Sessions: Obama Beyond the Breaking Point with Executive Action | CNS News

Sessions: Obama Beyond the Breaking Point with Executive Action | CNS News

sessions
Sen. Jeff Sessions (R-Ala.) (AP Photo)
(CNSNews.com) – Sen. Jeff Sessions (R-Ala.) says President Barack Obama’s plan to take executive action on climate change worries him.

“This president has already, in my opinion, pushed the envelope beyond the breaking point on executive orders, unilateral actions, actions that Congress has specifically, openly rejected,” Sessions told CNSNews.com shortly after Obama delivered the State of the Union address.
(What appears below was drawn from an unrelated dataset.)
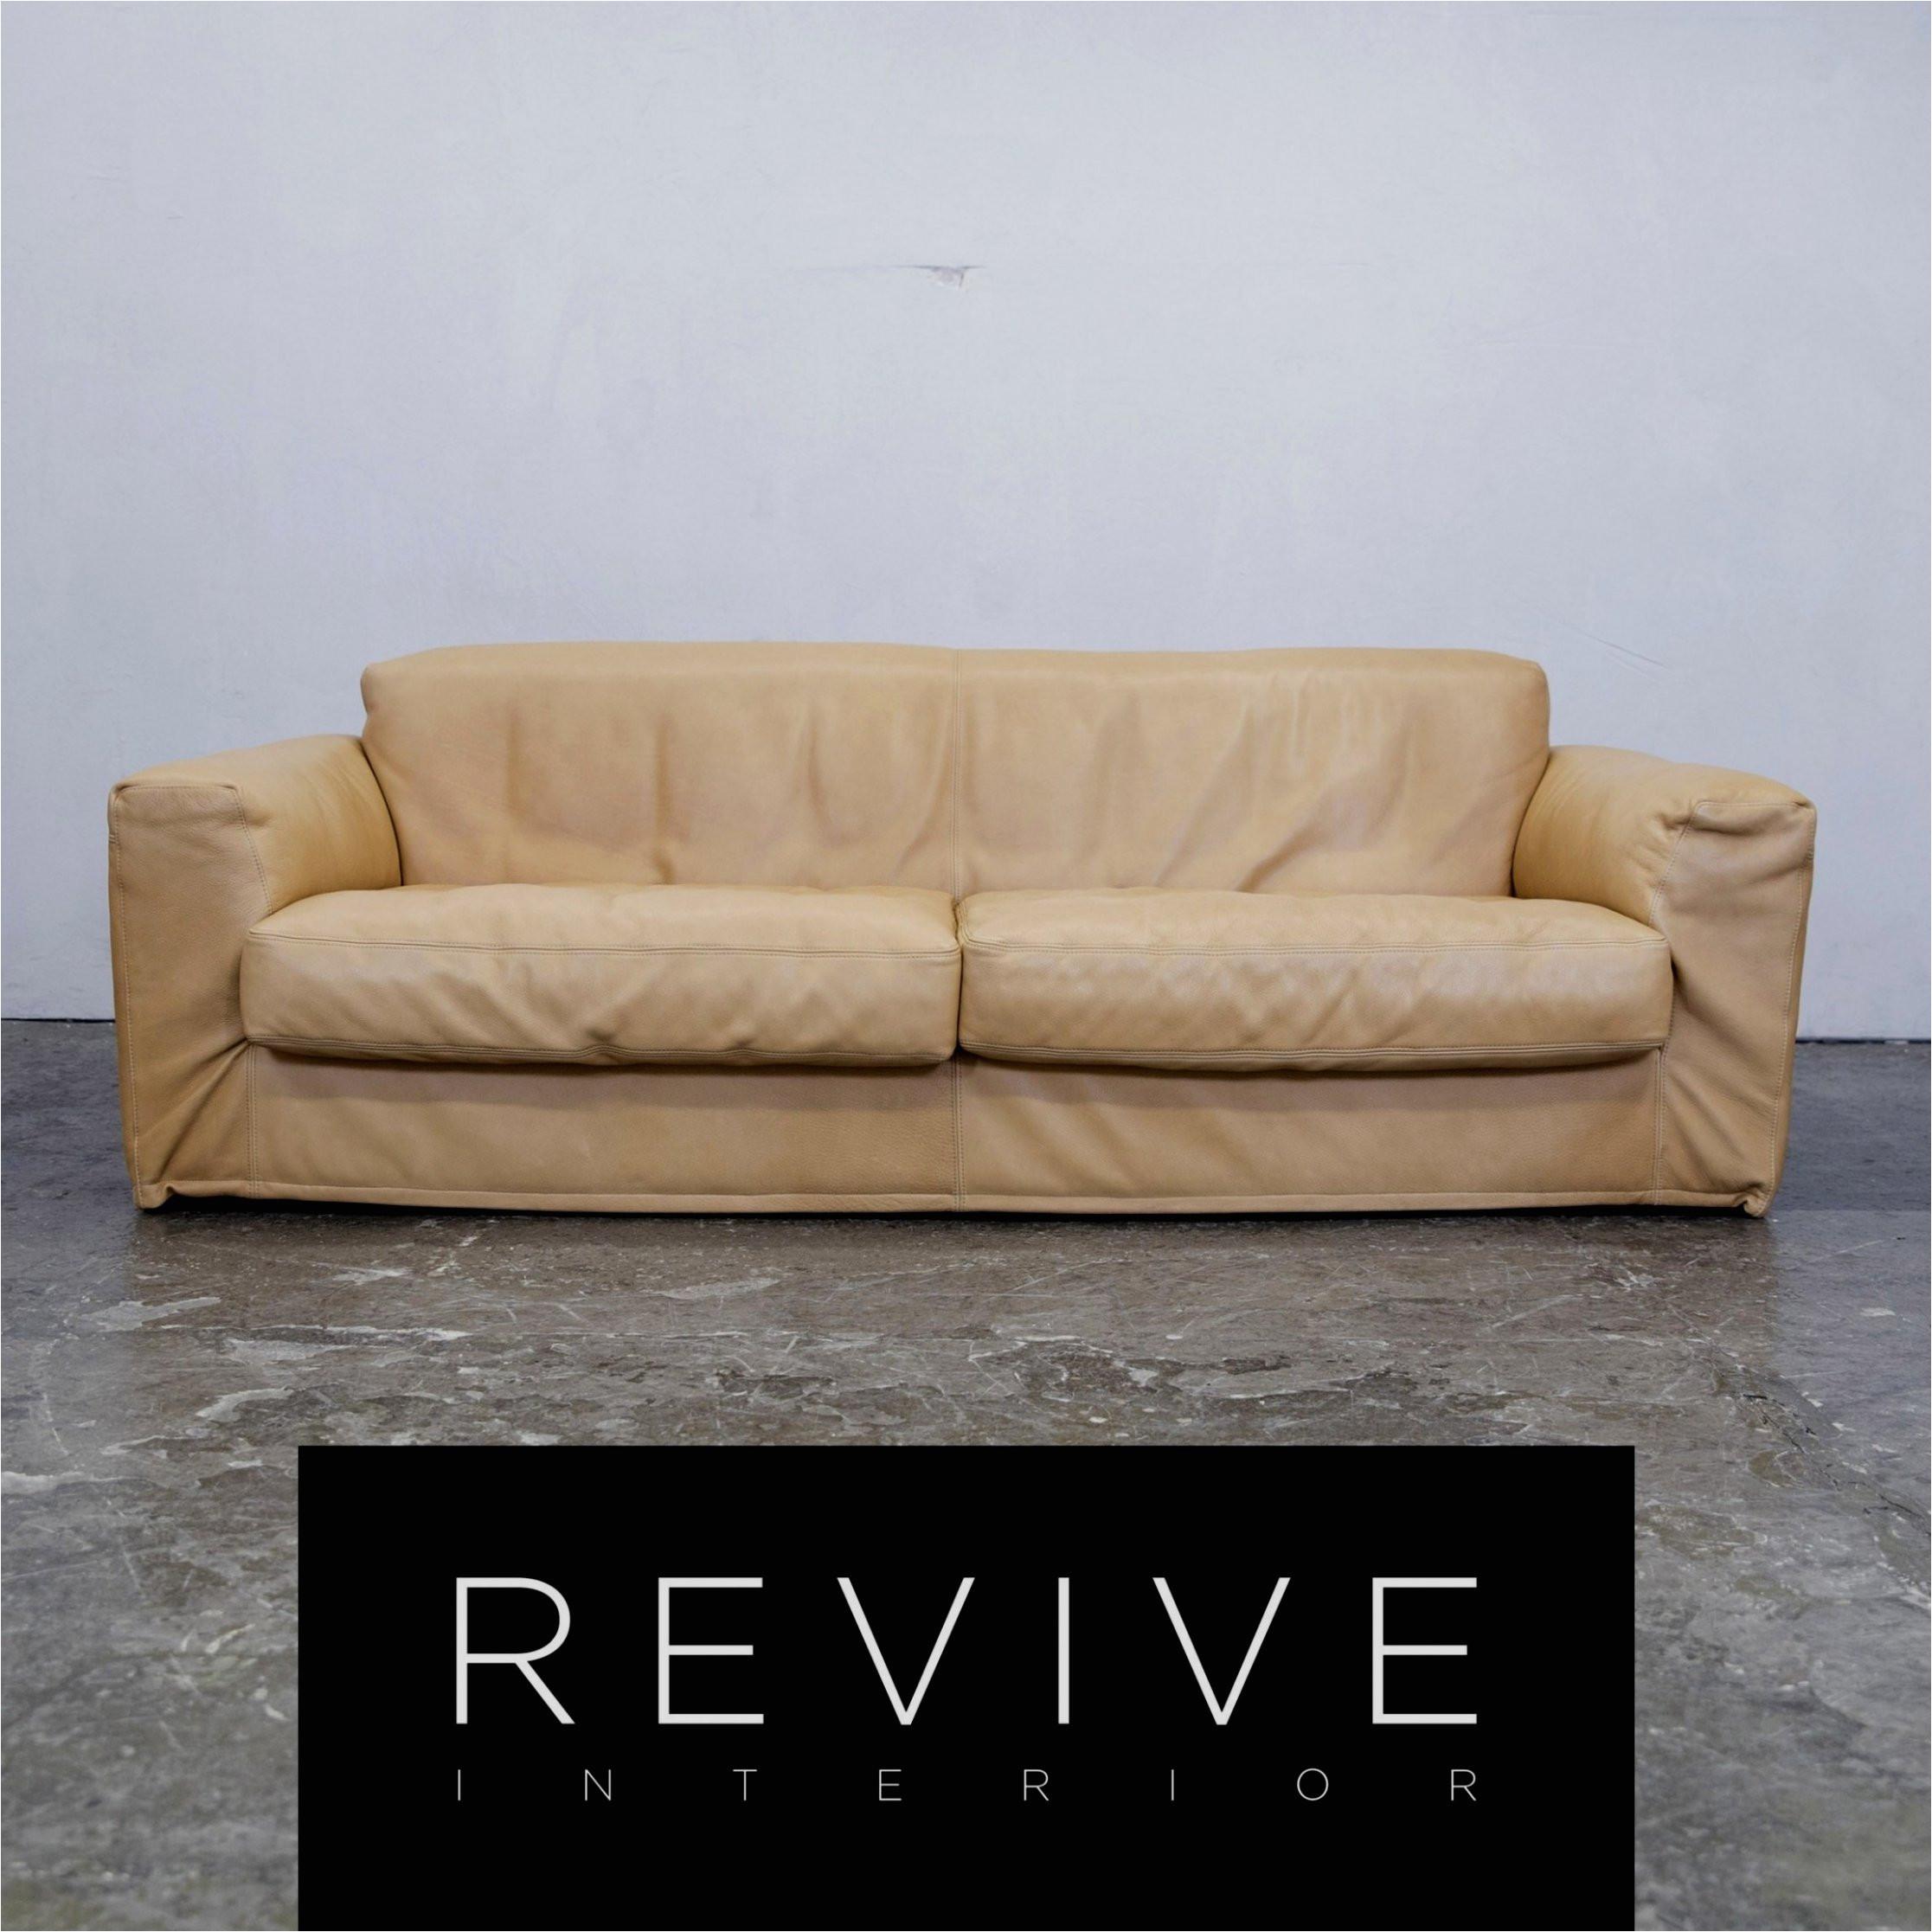 zweier sofa elegant zweier sofa ledersofa elegant mobel sofa 0d
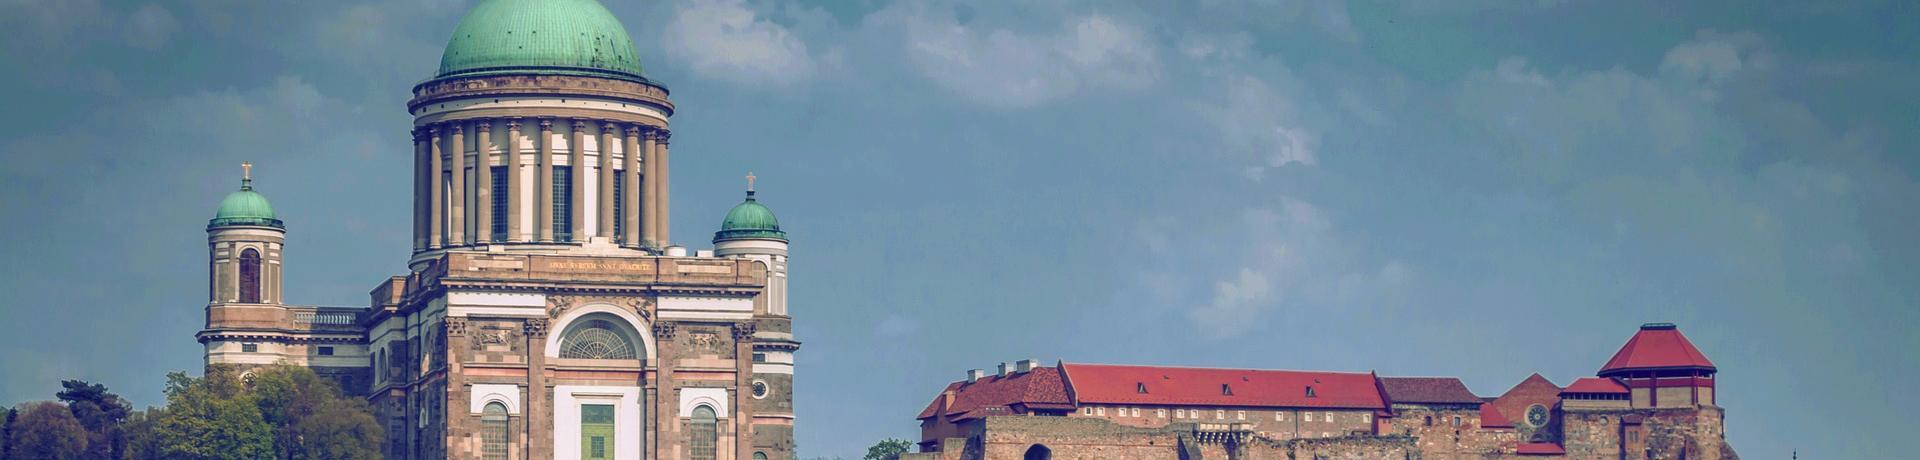 esztergom-1432433-1920.jpg

“He then puts his bureaucrats to work to figure out every way possible through their regulations, through their enforcement policies, to place the country under the direction he wants it to go under his rule. That’s not consistent with American history and democracy. I think it’s dangerous and we need to work at it.”
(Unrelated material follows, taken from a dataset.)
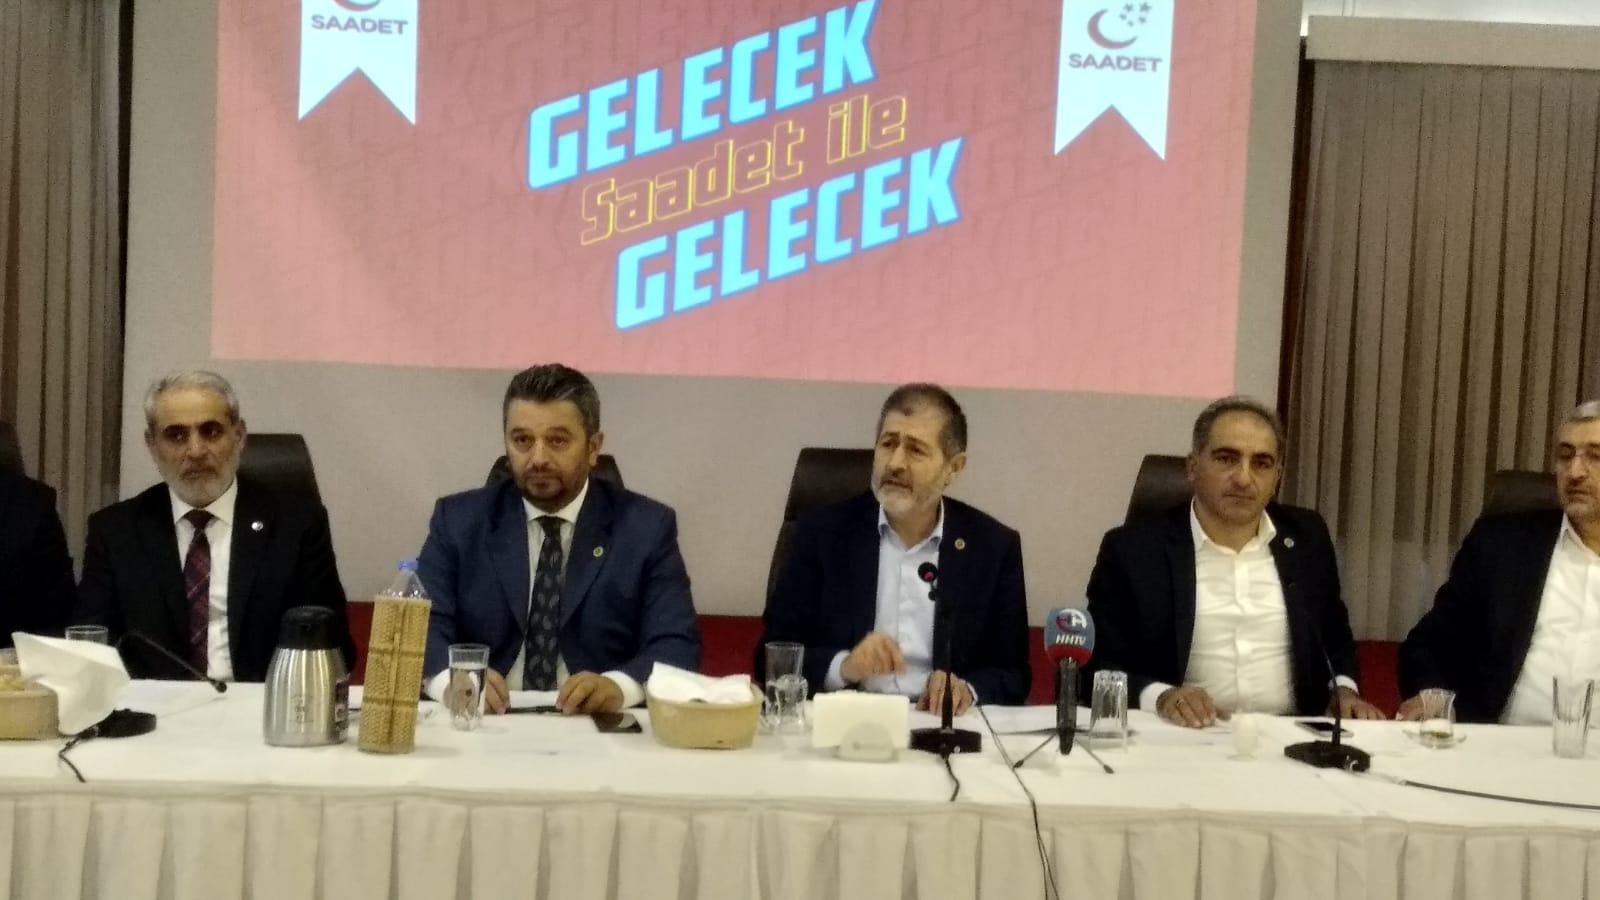 Abdullah Sevim; Irak'da, Libya'da, Suriye'de, Türkiye'de oynananlar siyanist bir plandır

During his speech Tuesday night to a joint session of Congress, Obama brought up climate change.

“For the sake of our children and our future, we must do more to combat climate change,” Obama said. “Now, it’s true that no single event makes a trend. But the fact is, the 12 hottest years on record have all come in the last 15. Heat waves, droughts, wildfires, floods -- all are now more frequent and more intense. We can choose to believe that superstorm Sandy, and the most severe drought in decades, and the worst wildfires some states have ever seen were all just a freak coincidence. Or we can choose to believe in the overwhelming judgment of science -- and act before it’s too late.”
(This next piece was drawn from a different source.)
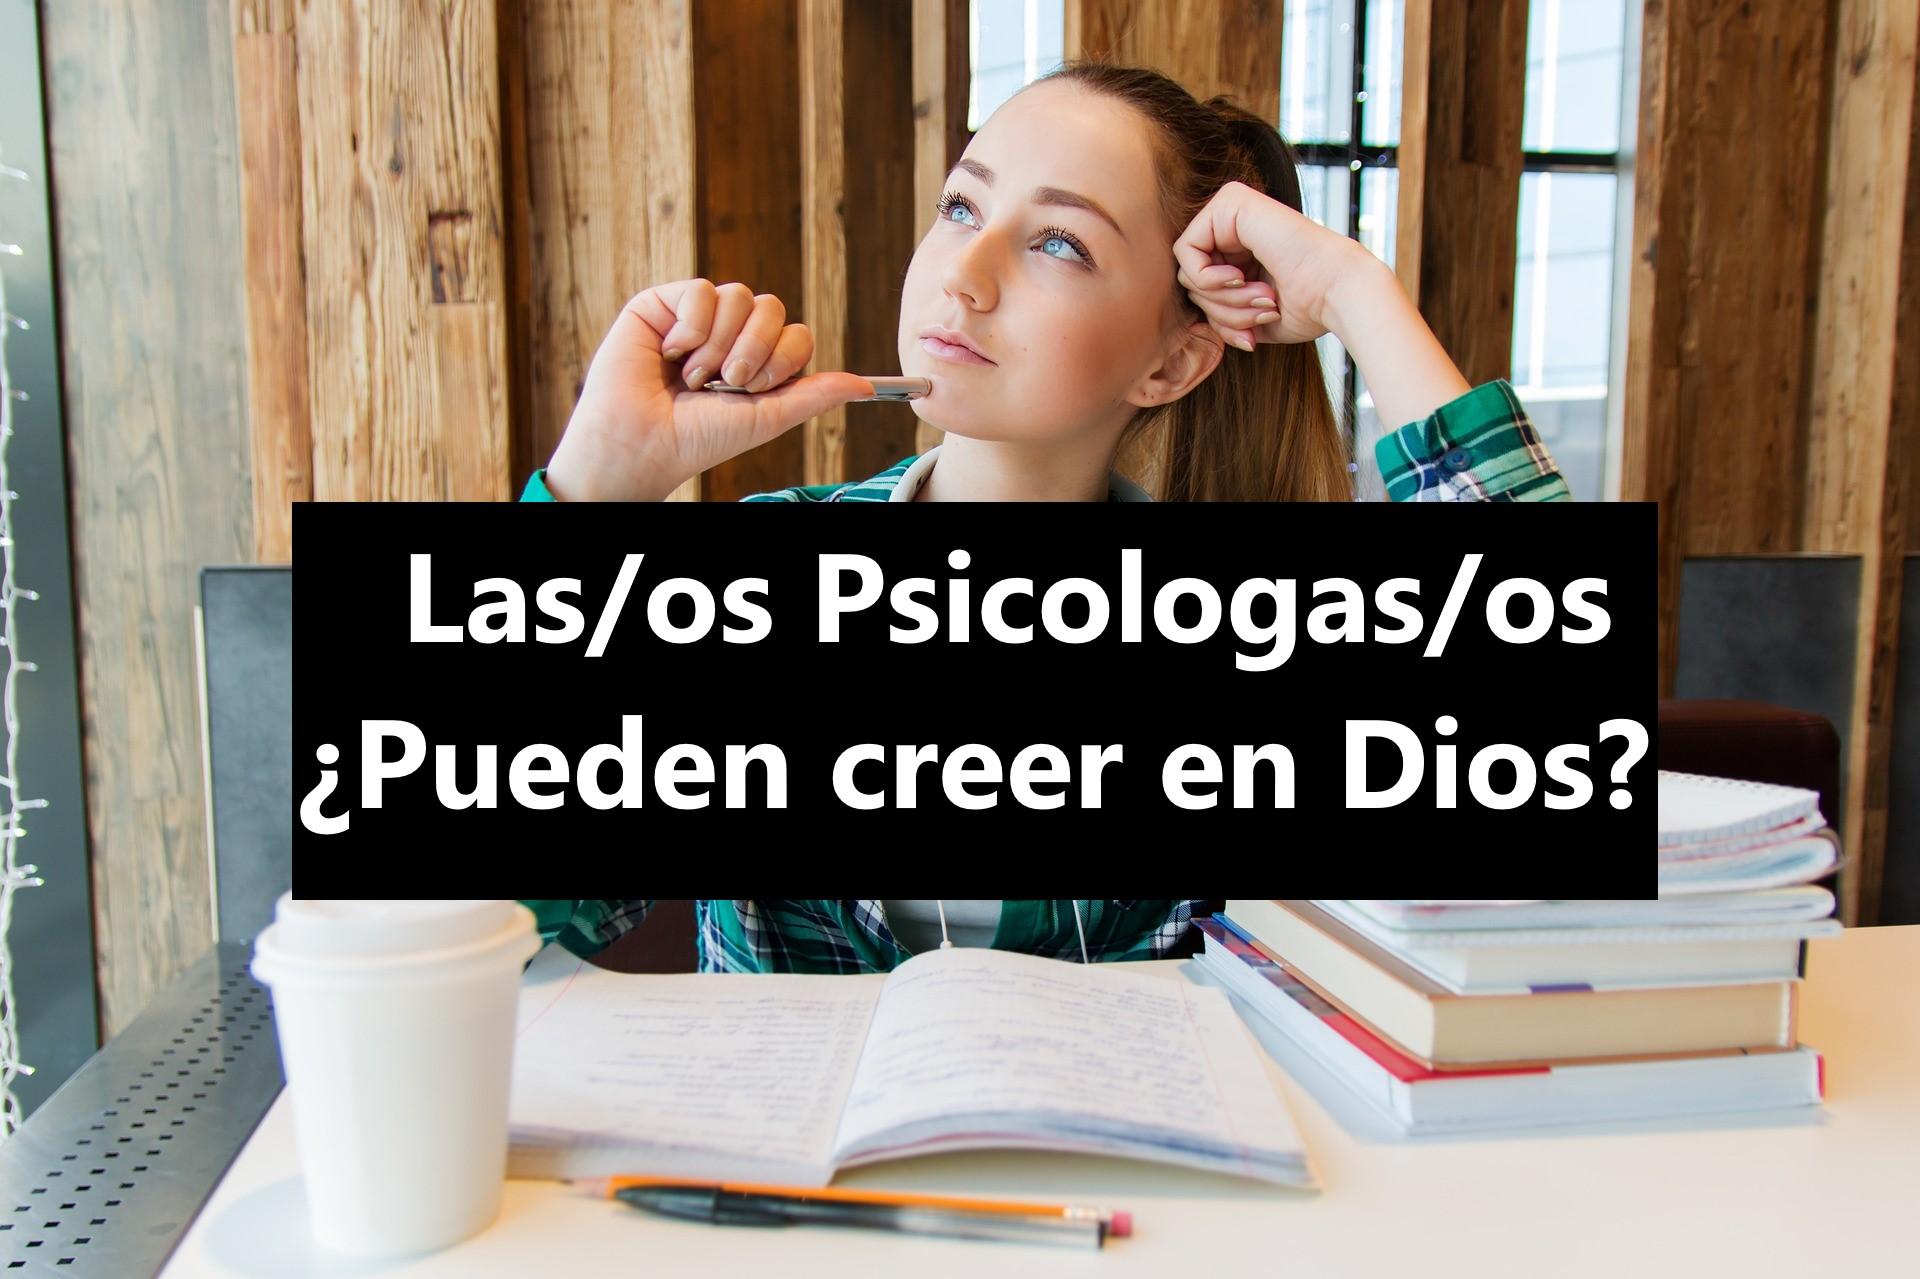 ¿Se deja de creer en Dios cuando se estudia psicología?

Obama urged Congress to “get together, pursue a bipartisan, market-based solution to climate change, like the one John McCain and Joe Lieberman worked on together a few years ago.” The McCain-Lieberman bill was a cap-and-trade plan.
Obama said if Congress “won’t act soon to protect future generations, I will. I will direct my Cabinet to come up with executive actions we can take, now and in the future, to reduce pollution, prepare our communities for the consequences of climate change, and speed the transition to more sustainable sources of energy.”

Sen. Chris Coons (D-Del.) said he supports Obama’s proposed executive action: “The president made a brief statement in the State of the Union that climate change is a challenge we must face,” Coons told CNSNews.com. “The piece of it I remember most clearly was a challenge for us to double how energy efficient our homes and buildings are. I do think energy efficiency is something that is smart and makes bottom line sense, regardless of your reason or motivation for doing so.”
Coons noted that he co-sponsored a Senate bill to make buildings and homes more energy efficient in part through Energy Department loans and by requiring the federal government to adopt energy efficiency standards for computers and buildings.
Frances Beinecke, president of the Natural Resources Defense Council, said President Obama has “a box full of tools” to address “climate chaos.”
“The best tool he has is the Clean Air Act,” Beinecke said. “It gives him the authority to reduce the carbon pollution from our dirtiest power plants, the single greatest threat to our climate future. That will take presidential leadership. Americans are counting on it —and that’s what the president delivered tonight.”
The NRDC says a 21st century economy can’t be powered with “fossil fuels of the past.”
“We must invest, as a nation, in the next generation of clean power plants. We must develop energy-efficient cars, workplaces and homes. And we must expand our use of renewable energy.”